Generating Color Palettes with scale.palette()¶
The palette() method generates a list of hex color codes from any color scale specification.
This list can then be reused in manual scales (e.g., scaleColorManual() or scaleFillManual()), helping maintain consistent color mapping across multiple plots, even when each plot contains different subsets of categories.
In [1]:
%useLatestDescriptors
%use dataframe
%use lets-plot
In [2]:
val df = DataFrame.readCSV("https://raw.githubusercontent.com/JetBrains/lets-plot-docs/master/data/nobel.csv")
df.head(3)
Out[2]:
DataFrame: rowsCount = 3, columnsCount = 14
| firstname | surname | born_country_code | died_country_code | gender | year | category | share | name_of_university | city_of_university | country_of_university | born_month | age | age_get_prize |
|---|---|---|---|---|---|---|---|---|---|---|---|---|---|
| Wilhelm Conrad | Röntgen | DE | DE | male | 1901 | physics | 1 | Munich University | Munich | Germany | Mar | 78 | 56 |
| Hendrik A. | Lorentz | NL | NL | male | 1902 | physics | 2 | Leiden University | Leiden | the Netherlands | Jul | 75 | 49 |
| Pieter | Zeeman | NL | NL | male | 1902 | physics | 2 | Amsterdam University | Amsterdam | the Netherlands | May | 78 | 37 |
In [3]:
val raw = df.toMap()
val n = (raw.values.first() as List<*>).size
val fullnames = (0 until n).map { i ->
"${raw["firstname"]!![i]} ${raw["surname"]!![i]}"
}
val bornCodes = raw["born_country_code"] as List<*>
val diedCodes = raw["died_country_code"] as List<*>
fun filterAndDedup(keepRow: (Int) -> Boolean): Map<String, List<*>> {
val seen = mutableSetOf<String>()
val indices = (0 until n).filter { i ->
bornCodes[i] != null && diedCodes[i] != null &&
keepRow(i) && seen.add(fullnames[i])
}
return (raw + mapOf("fullname" to fullnames)).mapValues { (_, v) ->
indices.map { (v as List<*>)[it] }
}
}
val notMigrated = filterAndDedup { i -> bornCodes[i] == diedCodes[i] }
val migrated = filterAndDedup { i -> bornCodes[i] != diedCodes[i] }
println("Non-migrated: ${(notMigrated.values.first()).size}, Migrated: ${(migrated.values.first()).size}")

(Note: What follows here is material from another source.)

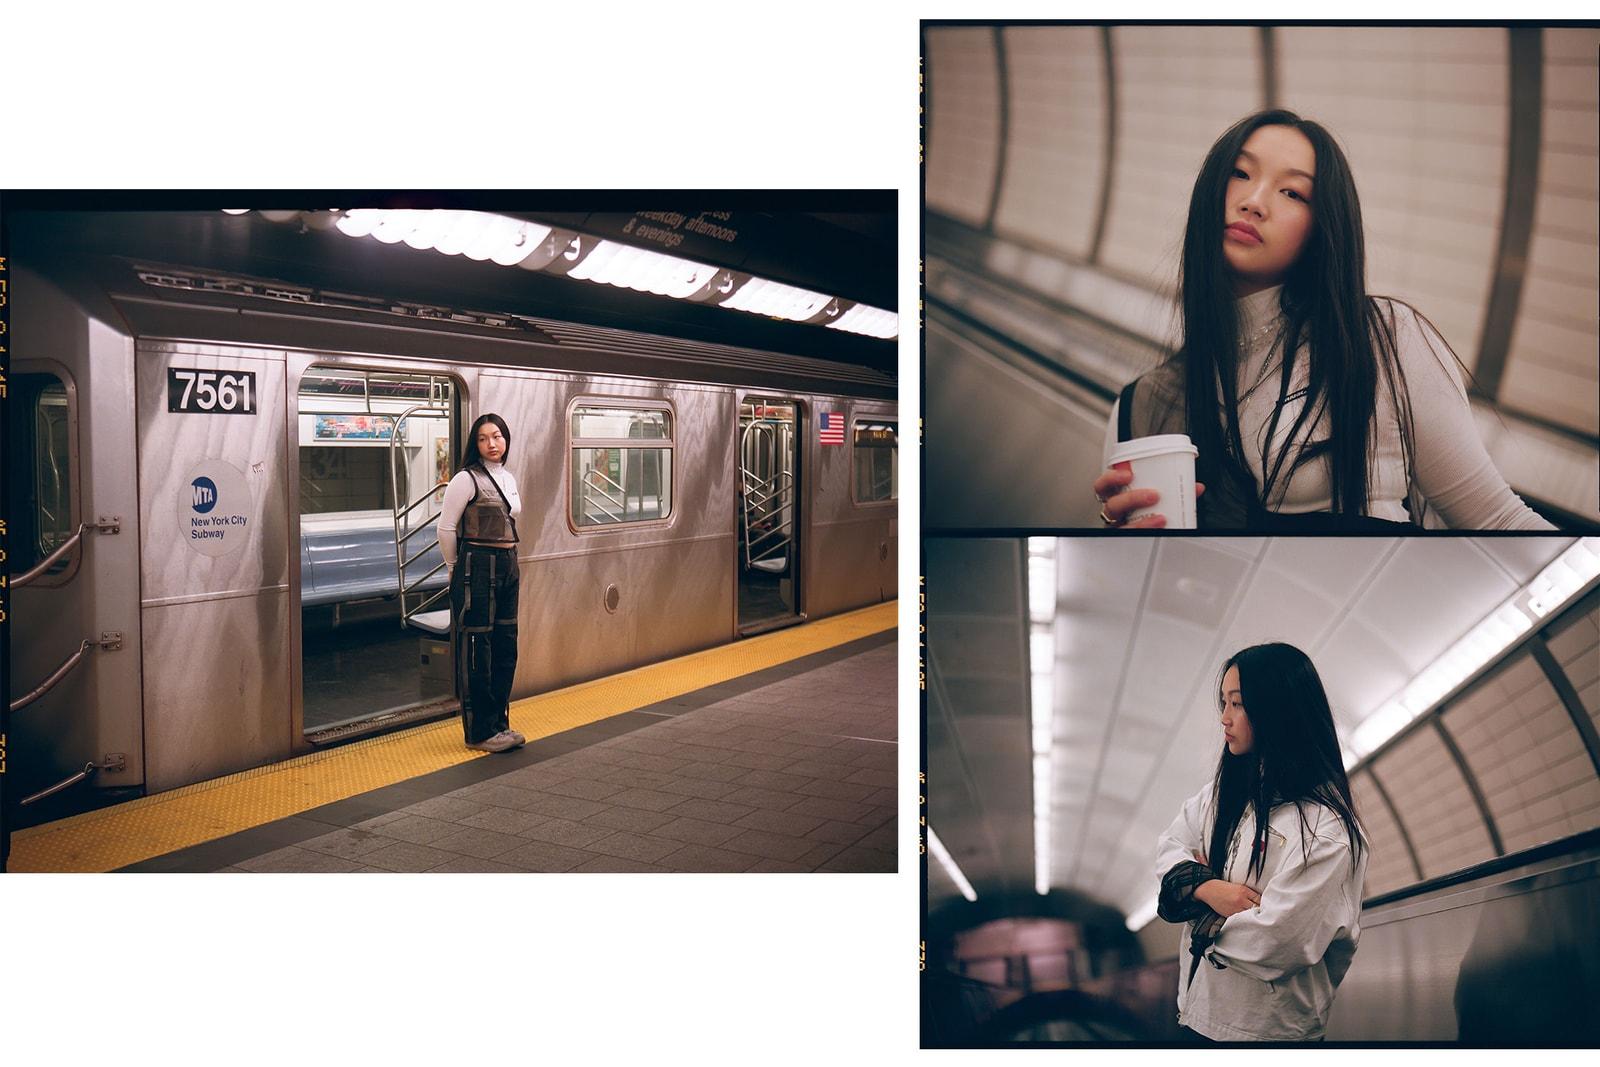 audrey chu nuna korean-american hip-hop r&b singer interview comic sans new york jack harlow

Non-migrated: 424, Migrated: 189
In [4]:
fun buildPlot(data: Map<String, List<*>>, countryCol: String, title: String) =
letsPlot(data) +
geomBar(sampling = samplingPick(10), color = "pen", size = 0.3) {
x = asDiscrete(countryCol, orderBy = "..count..")
fill = countryCol
} +
ggtitle(title) +
labs(x = "country", fill = "country") +
guides(fill = guideLegend(nrow = 2, byRow = true, color = "white")) +
theme(
axisTextX = elementBlank(),
axisTicks = elementBlank(),
plotMessage = elementBlank(),
legendTitle = elementBlank(),
plotTitle = elementText(hjust = 1.0)
).legendPositionBottom()
In [5]:
// Create 3 bar-charts, each showing the top 10 countries by count of:
// 1. Non-migrated laureates (born and died in same country)
// 2. Immigrated laureates (by country of death)
// 3. Emigrated laureates (by country of birth)
val plots = listOf(
buildPlot(notMigrated, "born_country_code", "by non migrated laureates"),
buildPlot(migrated, "died_country_code", "by immigrated laureates"),
buildPlot(migrated, "born_country_code", "by emigrated laureates")
)
Problem: Independent Color Scales¶
Each chart assigns colors independently, so the same country appears in different colors across plots, making comparison difficult.
In [6]:
val plots1 = plots.map { it + scaleFillBrewer(palette = "Paired") }
gggrid(plots1, ncol = 3) +
ggtitle("Top 10 Countries") +
theme(plotTitle = elementText(face = "bold", hjust = 0.5))
Out[6]:
Solution: Using a Shared Palette¶
Let's create a shared color palette that assigns each country a unique color, then apply this palette to all three charts. This ensures consistent coloring across the visualizations, making them easy to compare.
In [7]:
// Get unique country codes from both dataframes
val allCountryCodes = ((notMigrated["born_country_code"] as List<*>) +
(notMigrated["died_country_code"] as List<*>) +
(migrated["born_country_code"] as List<*>) +
(migrated["died_country_code"] as List<*>))
.filterNotNull()
.map { it.toString() }
.distinct()
.sorted()
println(allCountryCodes.size)
73
In [8]:
// Unfortunately, 73 unique colors is more than categorical palettes can handle effectively.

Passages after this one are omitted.